Why: Matches production. Learn cloud. Free tiers available.

Best for: DevOps learning. Cloud skills. Real environments.

My take: Start here. It's what you'll use in production anyway.

Option 2: Virtual Machine

Why: Safe. Easy to reset. Try different distros.

Best for: Learning. Experimentation. Local development.

My take: Good for learning. Safe. Easy to reset.

Option 3: Physical

Why: Full performance. Dedicated machine.

Best for: Advanced users. Dedicated Linux machine.

My take: Advanced. Only if you're committed.

Cloud Installation (AWS EC2)

Step 1: Create Account

  1. Go to aws.amazon.com
  2. Sign up (free tier available)
  3. Verify account

My take: Free tier gives you 750 hours/month. Enough to learn.

Step 2: Launch Instance

Using Console:

  1. Go to EC2
  2. Click "Launch Instance"
  3. Choose:
    • Name: linux-learning
    • AMI: Ubuntu Server 22.04 LTS
    • Instance type: t2.micro (free tier)
    • Key pair: Create new
    • Network: Allow SSH (port 22)
  4. Launch

My take: Ubuntu is easiest. t2.micro is free. Good for learning.

Step 3: Connect

# Download key first, then:
chmod 400 your-key.pem
ssh -i your-key.pem ubuntu@your-instance-ip

My take: SSH is how you connect. Learn it. You'll use it constantly.

Virtual Machine (VirtualBox)

Step 1: Install VirtualBox

Download from virtualbox.org. Install it.

My take: VirtualBox is free. Works well. Good for learning.

Step 2: Download Ubuntu ISO

Download Ubuntu Server ISO from ubuntu.com.
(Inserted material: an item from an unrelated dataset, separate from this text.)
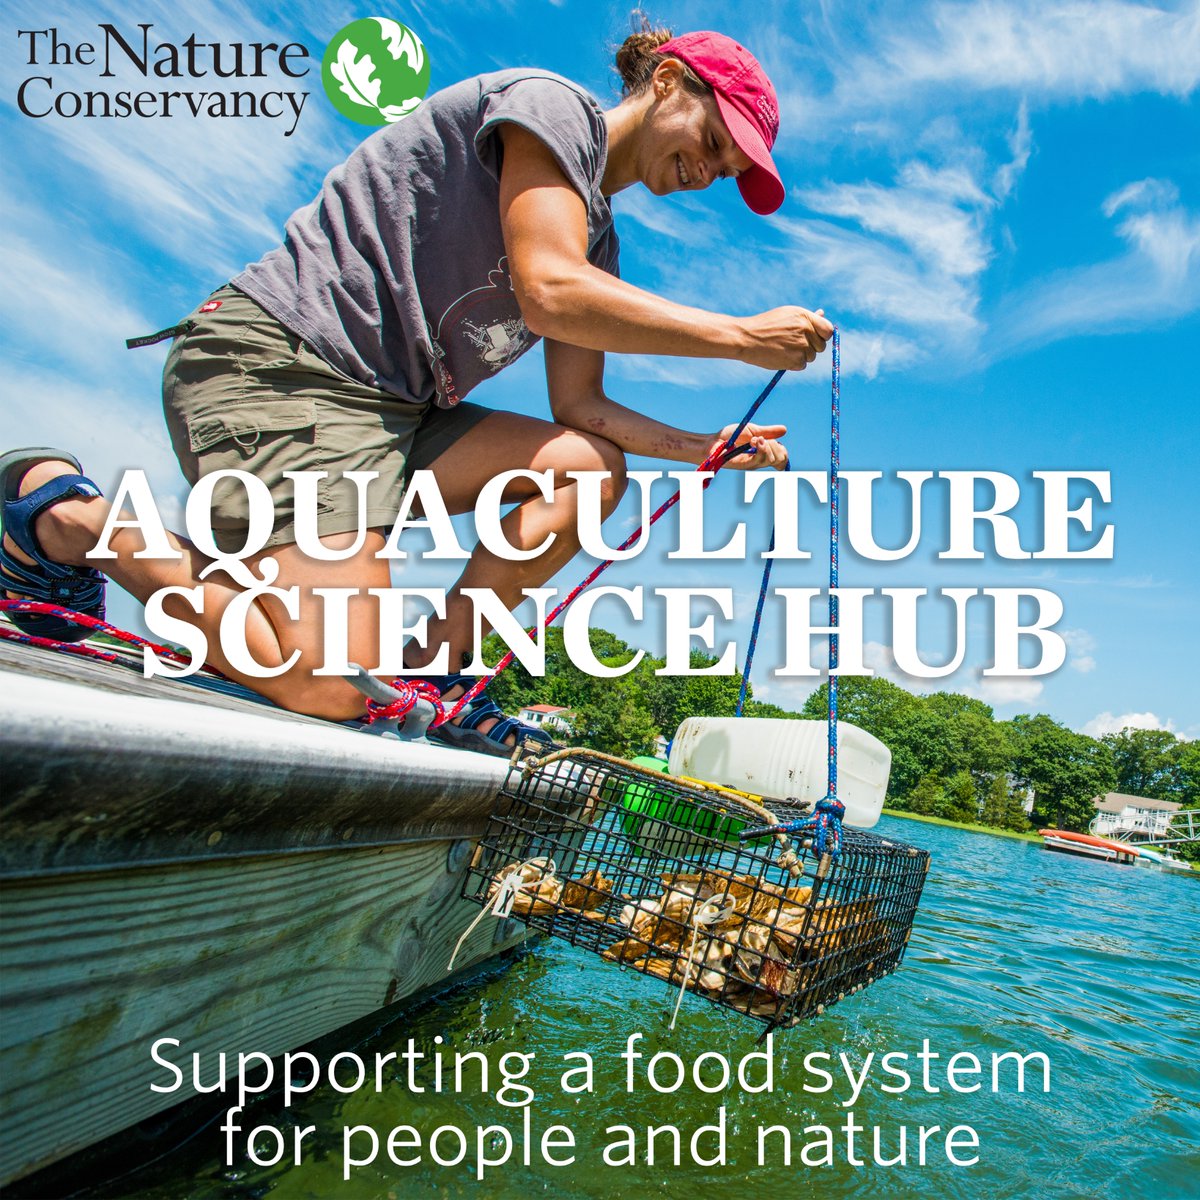 A nature-positive future for aquaculture is possible, with the right data and tools. The new Aquaculture Science Hub is a one-stop shop for the scientific resources to support the best outcomes for coastal communities and ecosystems around the world. aquaculturescience.org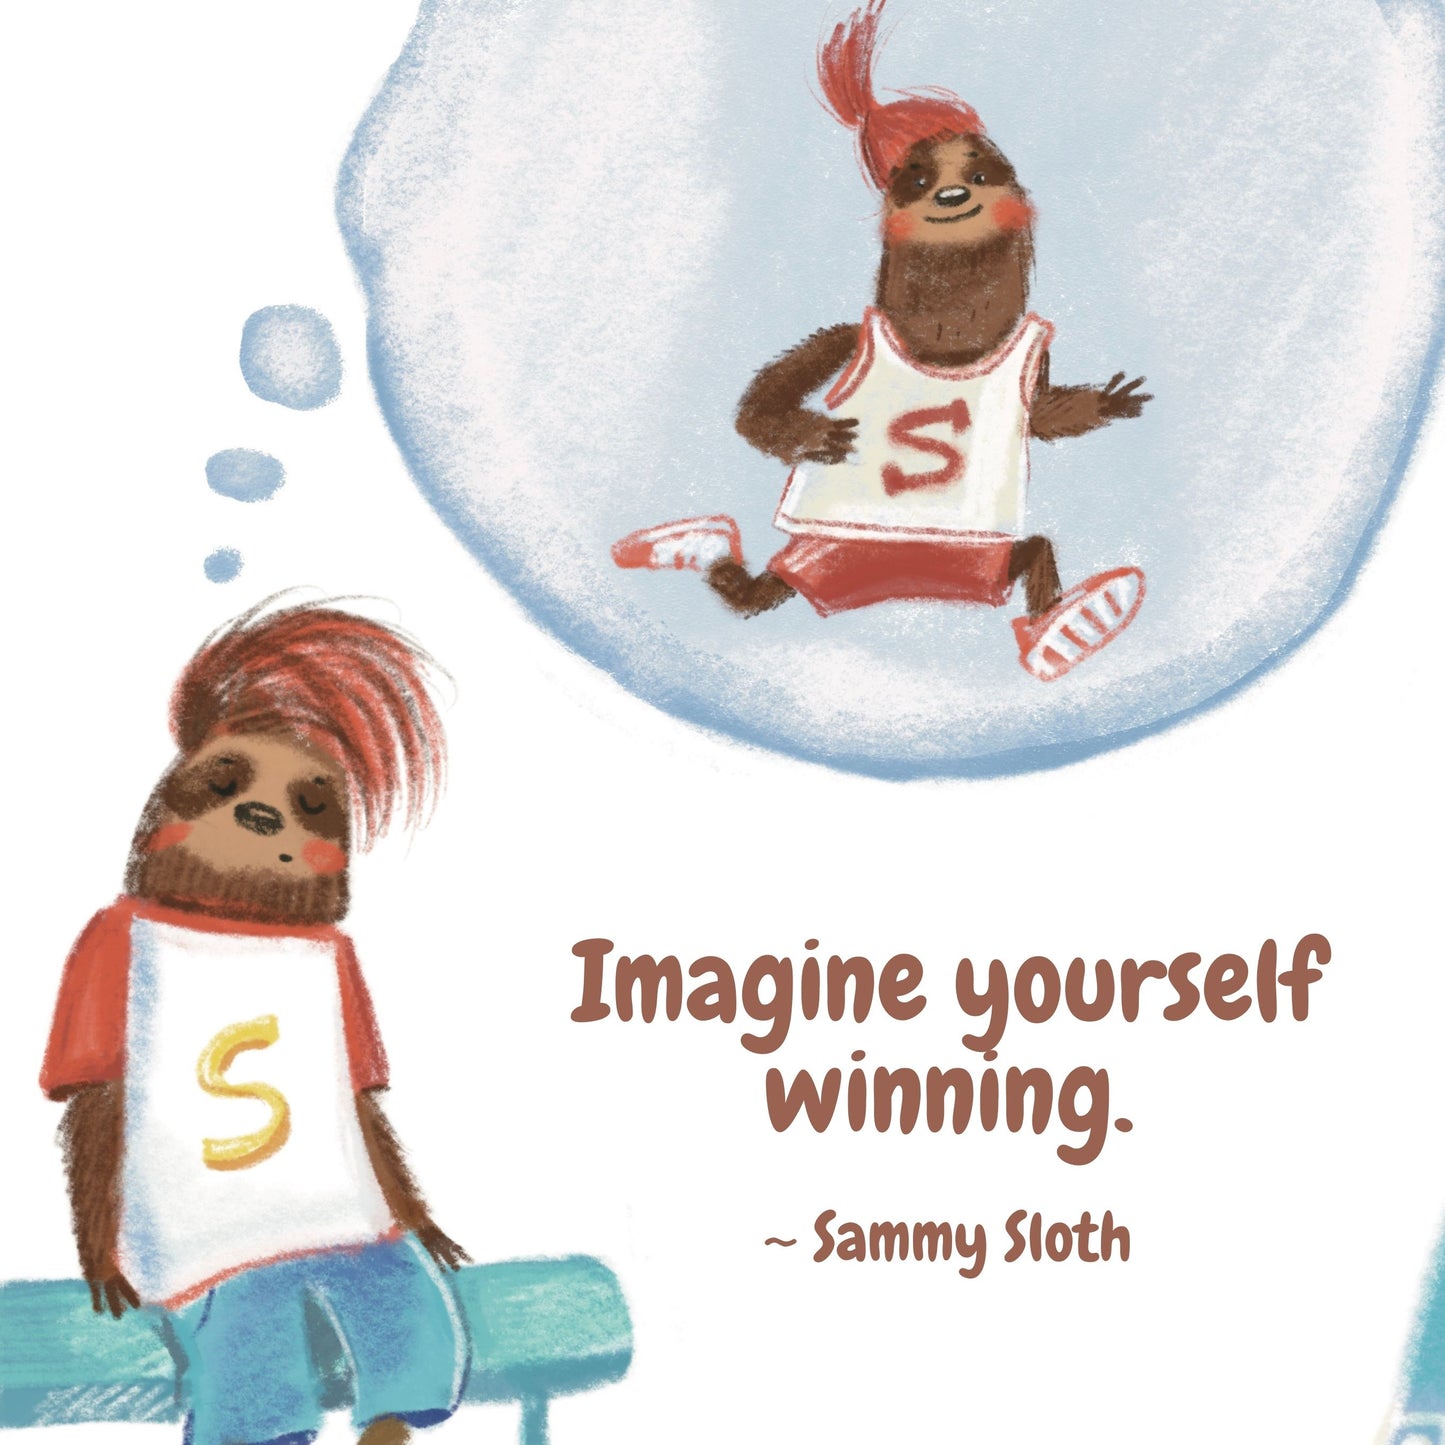 Sammy Sloth's Unhelpful Thoughts Picture Book with Posters

My take: Server edition is lighter. Good for learning Linux.

Step 3: Create VM

  1. Open VirtualBox
  2. Click "New"
  3. Set:
    • Name: linux-learning
    • Type: Linux
    • Version: Ubuntu (64-bit)
    • Memory: 2GB (minimum)
    • Hard disk: 20GB (minimum)
  4. Create

Step 4: Install Ubuntu

  1. Start VM
  2. Select Ubuntu ISO
  3. Follow installer
  4. Set username/password
  5. Install

My take: Installation is straightforward. Follow the prompts.

Post-Installation

Update System

sudo apt update
sudo apt upgrade

My take: Always update after installation. Get latest packages.

Install Basic Tools

sudo apt install -y vim curl wget git htop

My take: Install tools you'll use. These are essentials.

Configure SSH (If Needed)

sudo systemctl enable ssh
sudo systemctl start ssh

My take: SSH lets you connect remotely. Enable it.

Verification

uname -a                          # Check Linux version
lsb_release -a # Distribution info
whoami # Current user

My take: Verify installation works. Check basics.

Common Issues

Can't Connect via SSH

# Check if SSH is running
sudo systemctl status ssh

# Check firewall
sudo ufw status

My take: SSH issues are common. Check service. Check firewall.

No Internet

# Check network
ip addr show
ping 8.8.8.8

My take: Network issues happen. Check configuration.

What's Next?

Now that Linux is installed, let's start with First Steps. Learn the basics.


Personal note: When I started, I installed Linux on a physical machine. It was hard. Then I tried cloud. Much easier. Now I use cloud for everything. It's what production uses anyway. Start with cloud.